With Covid conditions coming slowly but surely under check in his state and also the national capital, Tamil Nadu Chief Minister M K Stalin is headed for New Delhi to meet with Prime Minister Narendra Modi and his top ministers for the first time after assuming office.

In Delhi, he is also scheduled to meet with Congress ally’s acting head Sonia Gandhi and CPI-M General Secretary Sitaram Yechury, apart from paying courtesy calls on President Ram Nath Kovind and Vice-President Muppavarapu Venkaiah Naidu.

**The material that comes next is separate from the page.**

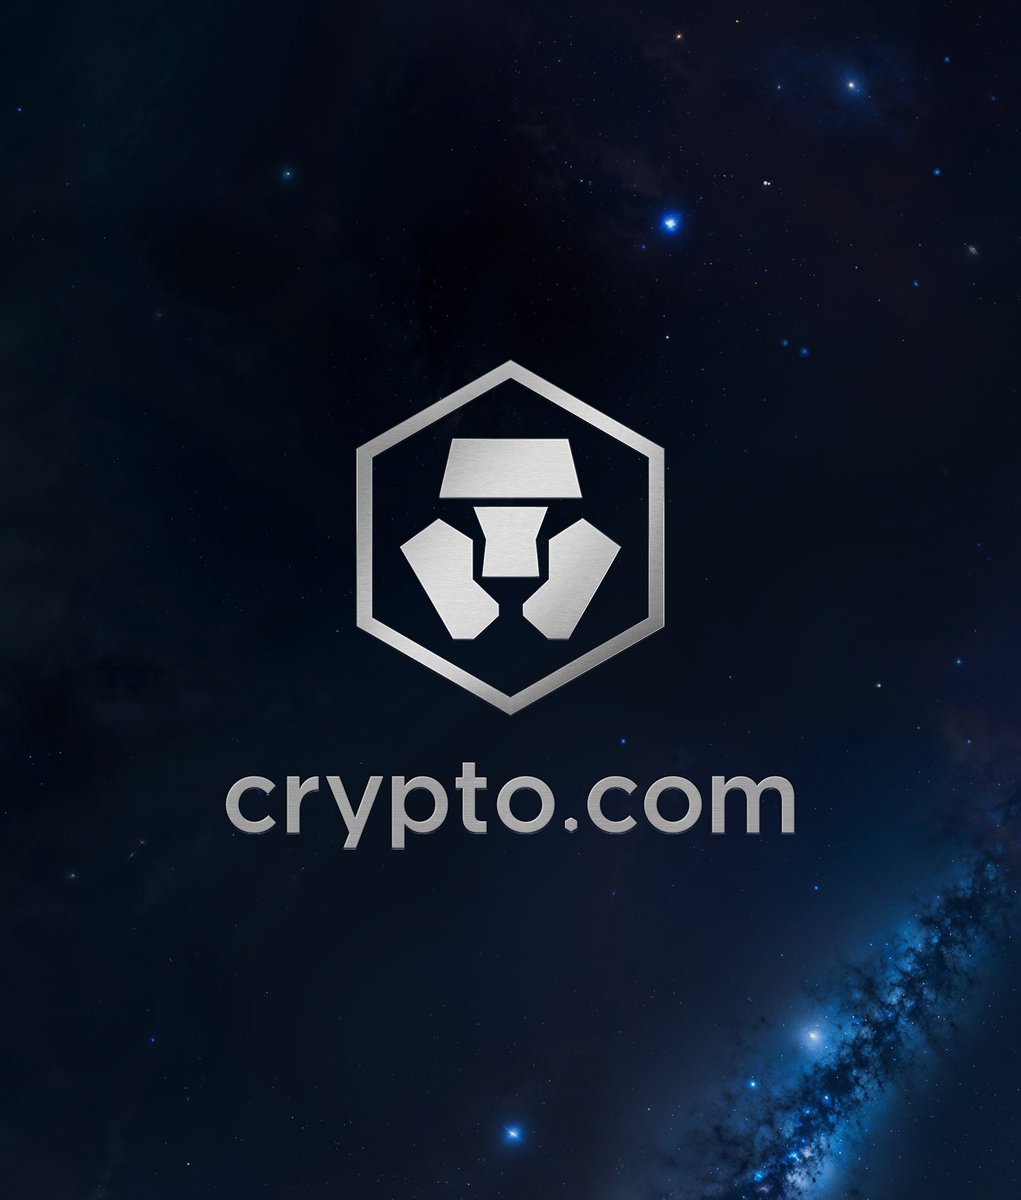 🚨 REMINDER 🚨 the leader in regulatory compliance - #cryptocom 🥇🔥 the world’s premier crypto trading platform - #cryptocom 🌏📍 #crofam #bornbrave #FFTB
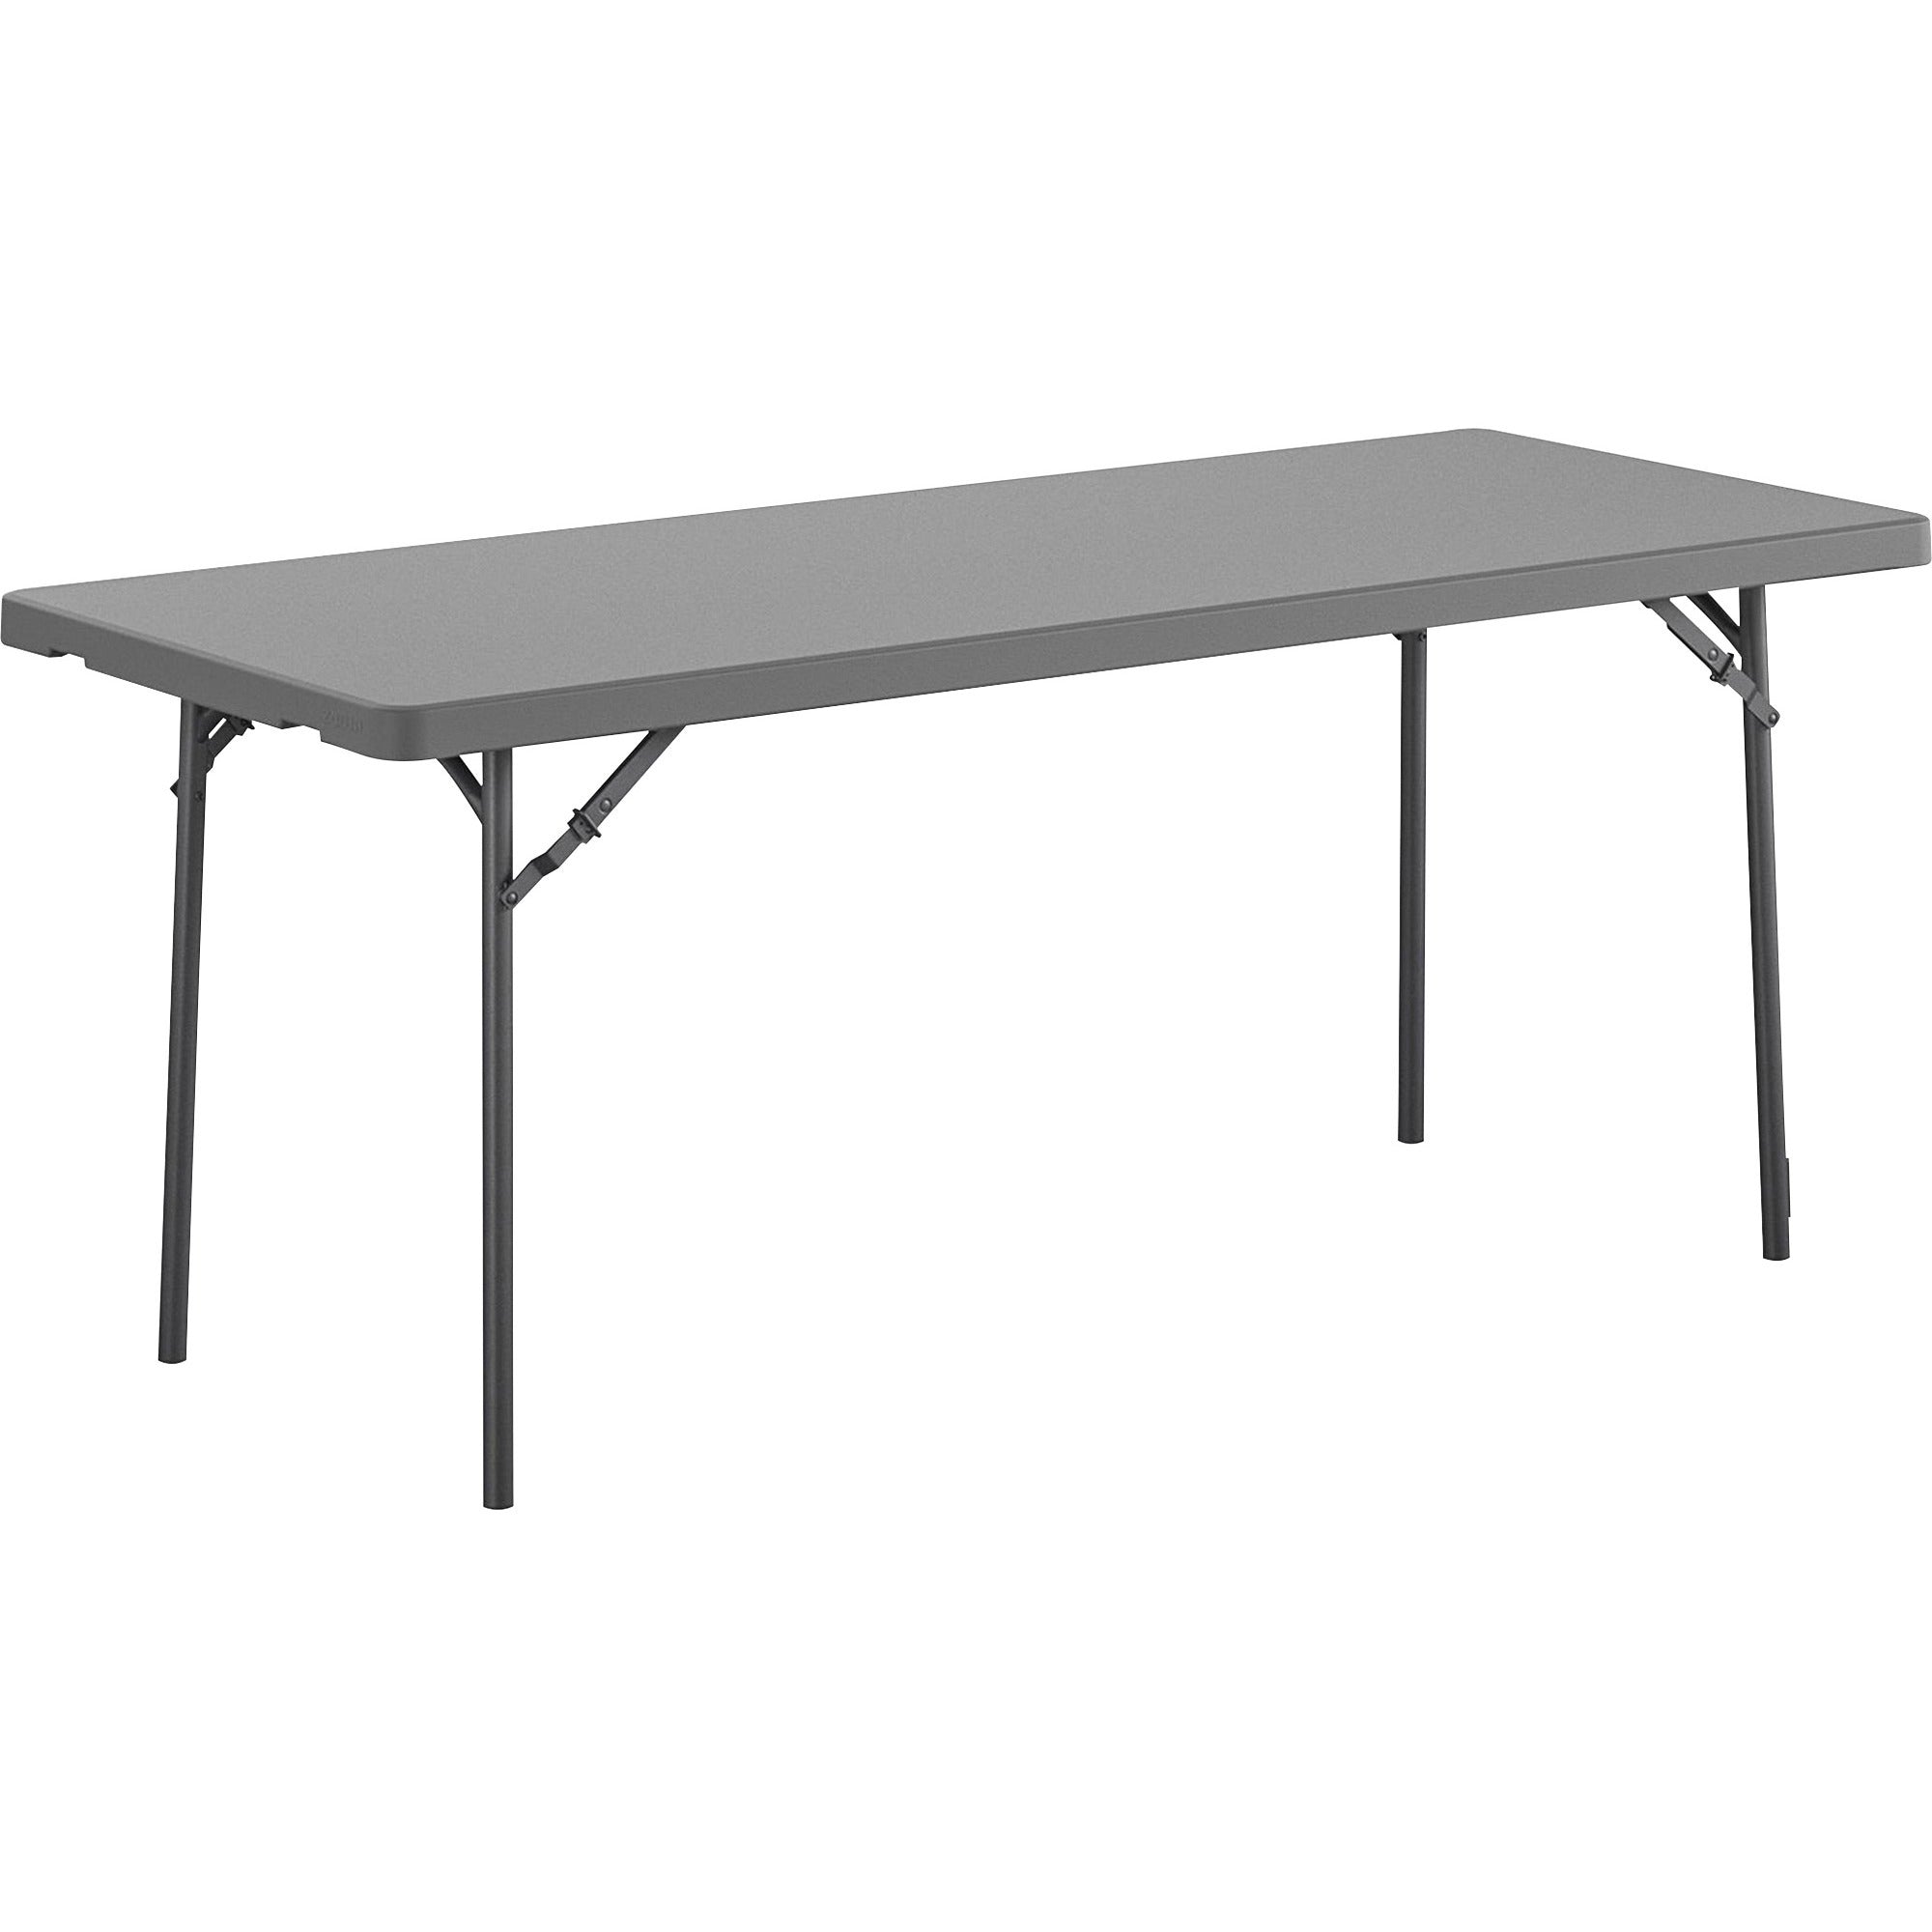 Dorel Zown Corner Blow Mold Large Folding Table - 4 Legs - 800 lb Capacity x 72" Table Top Width x 30" Table Top Depth - 29.25" Height - Gray - High-density Polyethylene (HDPE), Resin - 1 Each - 1

The Dravida Munnetra Kazhagam is planning to give Stalin a huge welcome at Delhi, from the airport on, with Tamil Nadu style wall posters and a possible cut-out or two, making it an ‘arrival statement’ of sorts for the leader, who has waited patiently for decades before making it on his own, three years after his popular father M Karunanidhi’s death.

Patience will also be Stalin’s watch-word when he calls on Modi, Home Minister Amit Shah, Finance Minister Nirmala Sitharaman and Industry Minister Piyush Goyal among others — and he has displayed a lot of restraint through his first month in office, making even sworn critics of his father and his party to pause, look up and take notice.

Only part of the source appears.